My Top 10 TV Shows (a list for Natasha)

A reader named Natasha recently sent me an email asking about my favorite television programs. Because too many childhood hours spent watching The Rocky and Bullwinkle Show have rendered me absolutely defenseless before women named Natasha, here's my all-time TV top ten:

1. The Decalogue. Krzysztof Kieslowski's 10-part series made for Polish television in the 1980s is the greatest TV program I have ever seen. Each episode is a nearly perfect one-hour film, many of them as beautiful and impressive and poetically compressed as short stories by Chekhov or Joyce.
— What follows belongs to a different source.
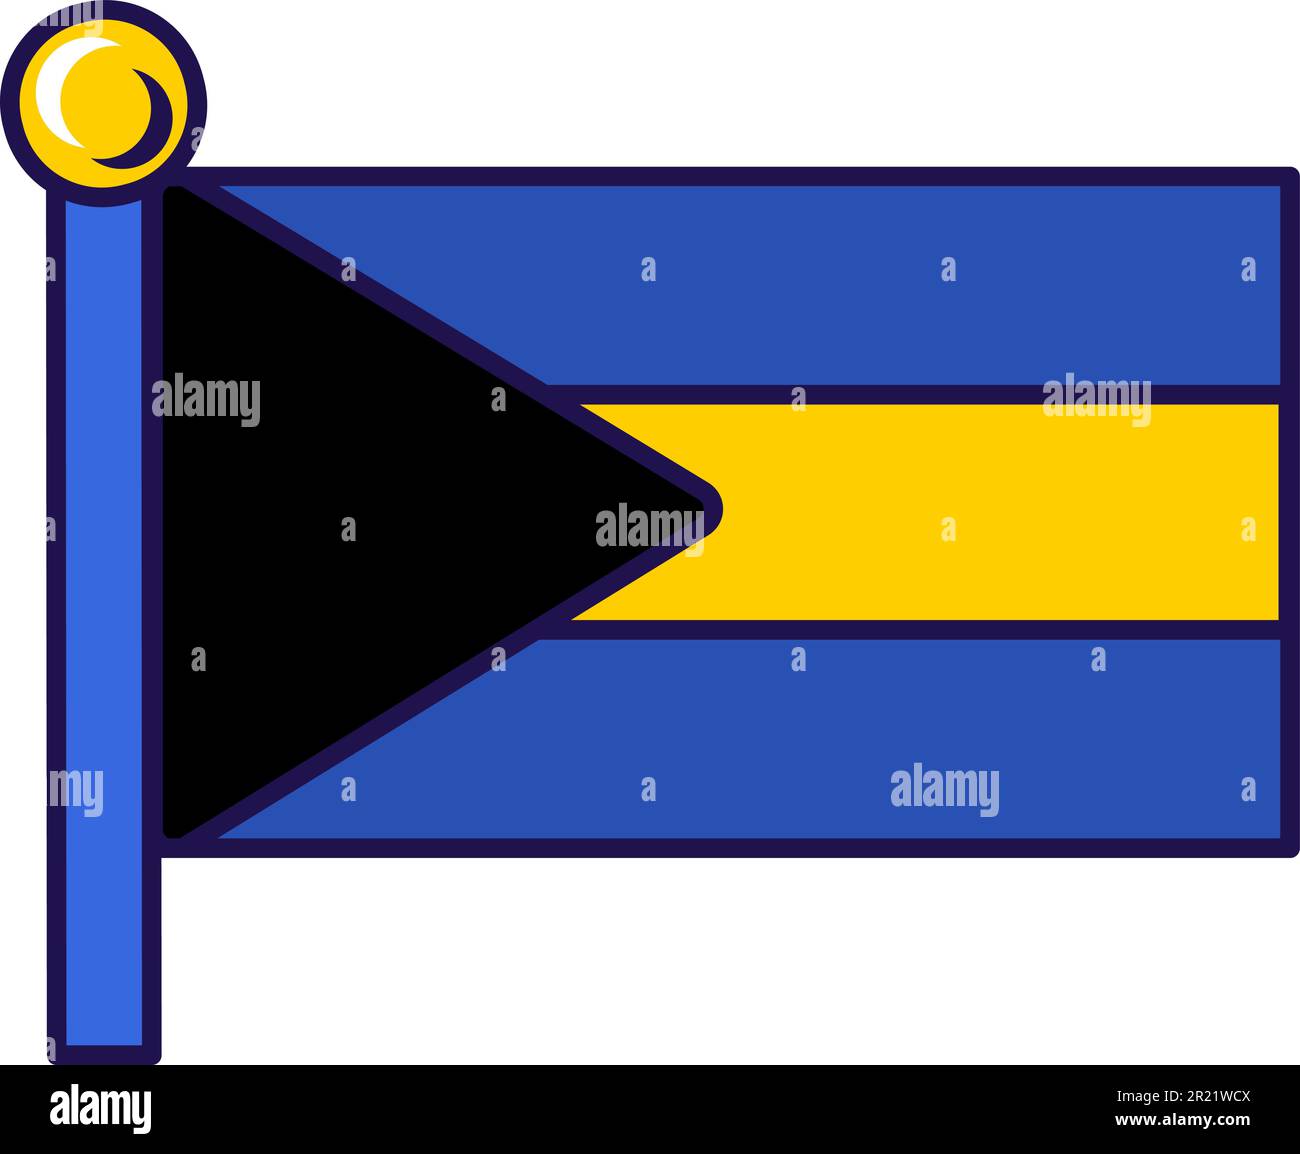 Drapeau du Commonwealth des bahamas sur le vecteur flagstaff. Triangle noir et bandes bleu-vert et or sur le symbole national, officiel et patriotique de la liberté Illustration de Vecteur

2. The Wire. Great novels kick my ass all the time, movies much less often, but no TV show has ever kicked my ass as definitively as The Wire. Over the five seasons of this program, David Simon and Ed Burns created a Balzacian panorama of contemporary American urban life that demonstrates exactly what most American literary fiction is missing, namely the world outside the white, suburban, corporate middle class.

3. The Twilight Zone. To Serve Man is a cookbook. Enough said... Watching the TZ marathon on the SF Channel around New Years is like overdosing on a  volume of Borges's collected fictions, a great way to end/begin the infinite cycle of time.

4. Monty Python's Flying Circus. I've never wanted to be a lumberjack, never purchased a parrot, never been slapped with a fish, never applied for a grant at the Ministry of Silly Walks, and never barged into a doctor's office screaming "My brain hurts," but I have loved MPFC for many, many years. And now for something completely different... 

5. Homicide: Life on the Street. The best drama in American TV history until David Simon's next one, this was an incomparable blend of tragedy and absurdity, great writing and great acting. NYPD Blue declined after the third season, but Homicide remained excellent and surprising for the duration of its run. Andre Braugher deserved a mantel full of Emmys for his work on this program.

6. The Simpsons. How can I not like a TV show that can convince Thomas Pynchon to do a cameo? I want to mosey down to Moe's and pop open a Duff.

7. Twin Peaks. An incredibly risky show that stretched a thin line between silliness and horror and then tried to walk it. Easy adjectives like 'surreal' and 'absurdist' don't quite fit Twin Peaks.

8. The X-Files. I'll admit it, I'm a sucker for sewer monsters...and Gillian Anderson. At its best, when it kept the mythology of alien invasion in suspension between reality and paranoia, this program was as close as TV has ever come to a Pynchon novel.

9. Police Squad. Painfully punny, this series made me laugh until fluids began to pour from every orifice. Watch out for the toe truck!

10. The Untouchables. The original 1959-63 series is a great, stylish, noir melodrama that deserves to be rediscovered. Whenever I think of this program, I can always hear Walter Winchell's distinctive narration: "Meanwhile, across town, Capone thug Frank Nitti is relaxing with his moll and a doomed duo of stool pigeons named Solly and Webb..."

As always with top ten lists, there are oodles of also-rans: Star Trek, Seinfeld, Frasier, The Fall and Rise of Reginald Perrin, Six Feet Under, MASH, Night Gallery, The John Larroquette Show, St. Elsewhere... For some reason, The Sopranos never appealed to me (maybe the reason was 'mob fatigue' brought on by all the neo-noir movies of the 1990s). I also found Berlin Alexanderplatz less impressive than much of Fassbinder's cinematic work. Among current shows, I like Breaking Bad, Mad Men and Girls, but I've been an infrequent TV viewer for the past few years.